The evaluation documents several major flaws in the current
PFC protocol. These include failure to consider: data management,
site scoring, water quality, fish and wildlife habitat, species
of concern, and direct human impacts. The current protocol
also fails to provide any means for quantitative comparisons
between locations such as between reference and study reaches,
between study reaches over time or for consistent record-keeping
and data analysis. Only "yes" or "no" responses are solicited
for the parameters included in the current protocol used by
BLM. Perhaps most disturbing is the fact that the BLM's current
PFC evaluation method fails to strictly abide by the letter
and the spirit of the National Standards and Guidelines for
Healthy Rangelands. Thus, using the BLM's current PFC method
can result in streams being labeled as Properly Functioning,
but not in compliance with the Standards and Guidelines.
The evaluation protocol proposed by Stevens et al. corrects
these deficiencies and demonstrates its application in a series
of comparisons between sites assessed by BLM using the existing
protocol and those same sites assessed by the new protocol.
The inclusion of factors that are not considered in the current
protocol such as wildlife and fisheries, water quality, and
others prevents the possibility of an error whereby a stream/riparian
ecosystem is rated as "functional" when an important element
that could render it "non-functional" is not considered. It
further provides a numerical ranking or site-scoring system
that allows the observer(s) to place the parameter observed
into each of five categories, ranging from fully functional
to non-functional (which is the same ranking framework used
in the BLM's upland rangeland health assessment protocol).
This numerical ranking is then available for more quantitative
comparison using statistics to evaluate differences over time,
between locations and between different elements of the evaluation.
This has great value in assessing the results of changes in
management over time. It moves the rapid visual assessment
technique into the realm of quantitative measures that require
much more time and equipment intensive efforts to characterize,
yet can be performed easily and in a relatively short time.

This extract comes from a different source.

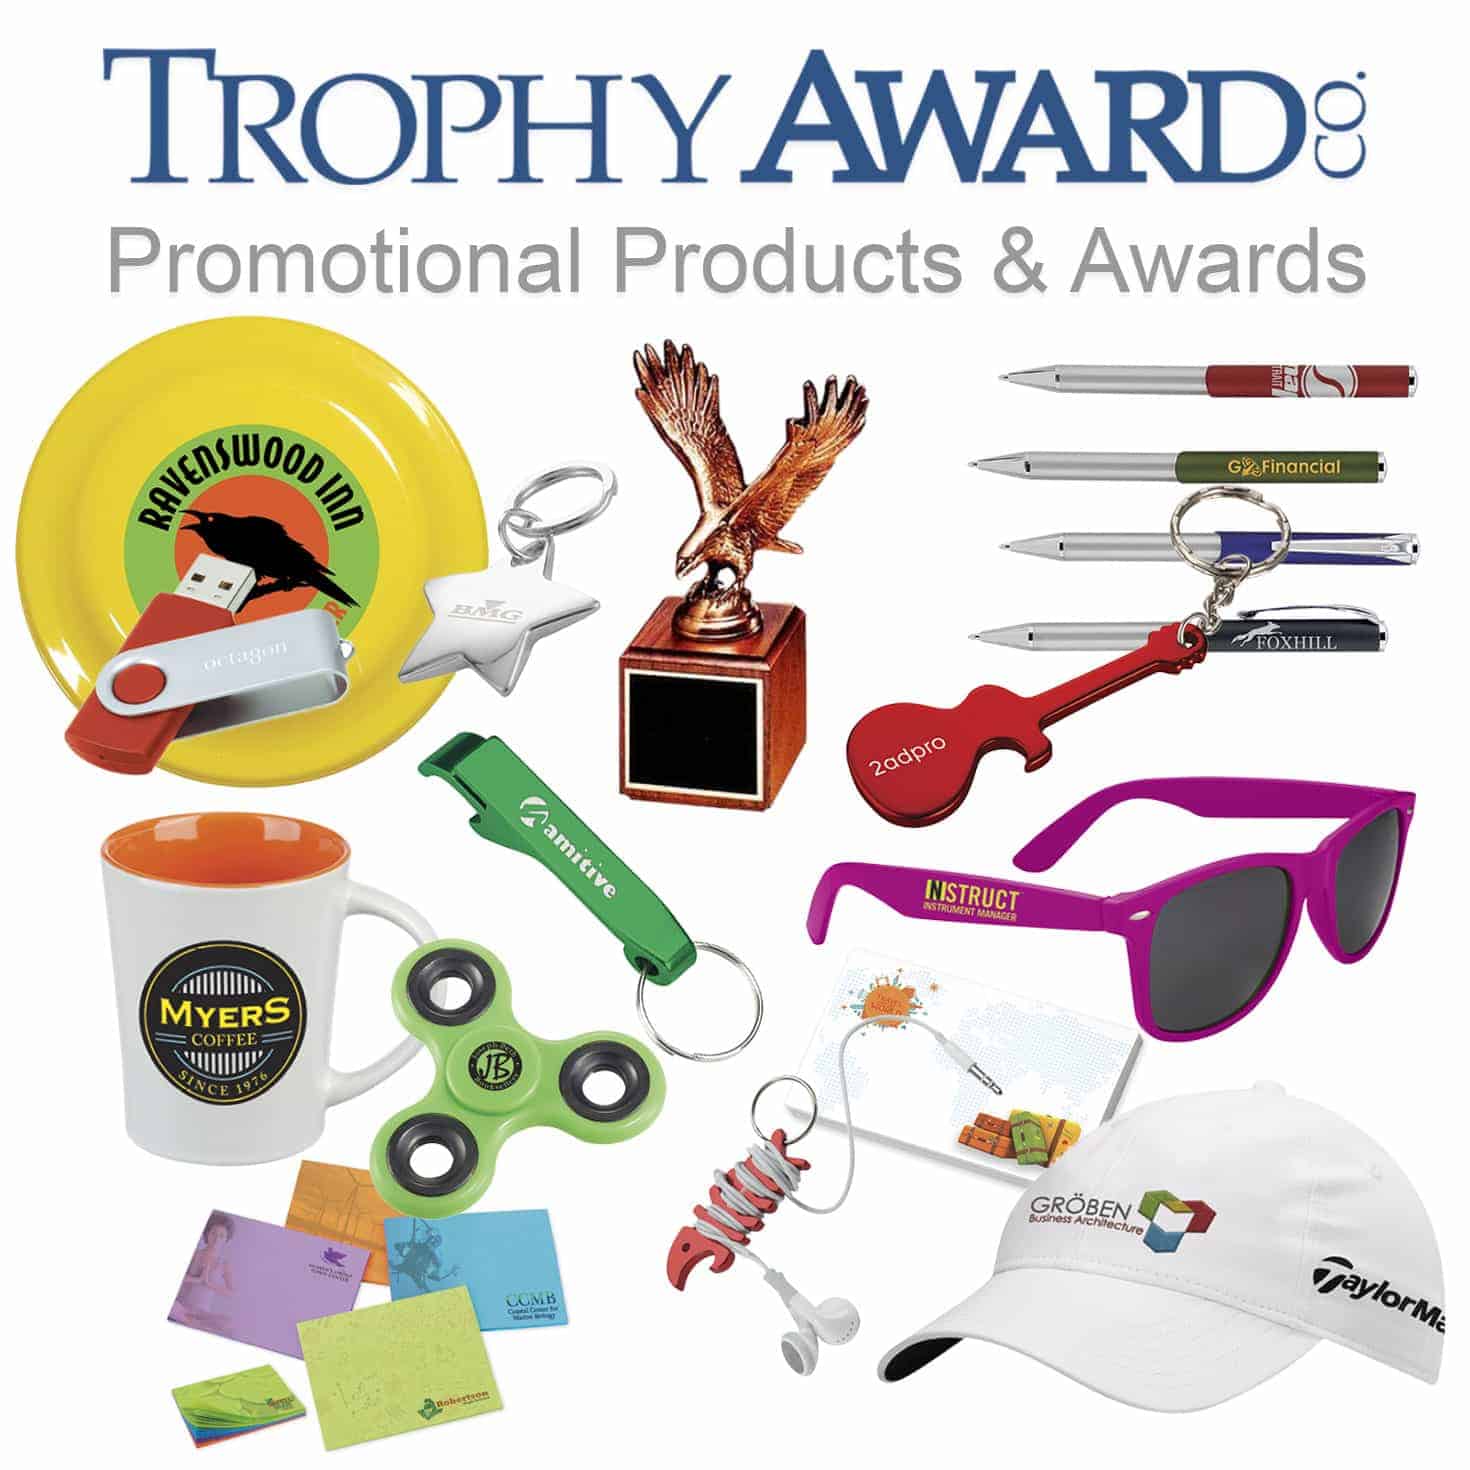 Promotional Product and Awards | Trophy Award Co.

The emphasis of the proposed evaluation protocol is on "monitoring"
in the true sense as opposed to casual, one-time observation.
As such, we, the undersigned, urge the National Riparian
Service Team to 1) incorporate these improvements into an
updated version of the national PFC protocol, and 2) to urge
BLM Field Offices to incorporate the updated PFC protocol
into monitoring and range management decisions. We also urge
the directors of the 4-corners State Offices of the BLM to
direct their Colorado Plateau Field Offices to adopt all or
parts of this alternative protocol as an addendum (as has
recently been done in the Grand Staircase Escalante National
Monument), as this proposed evaluation method is tailored
to the low-elevation stream systems of the Plateau.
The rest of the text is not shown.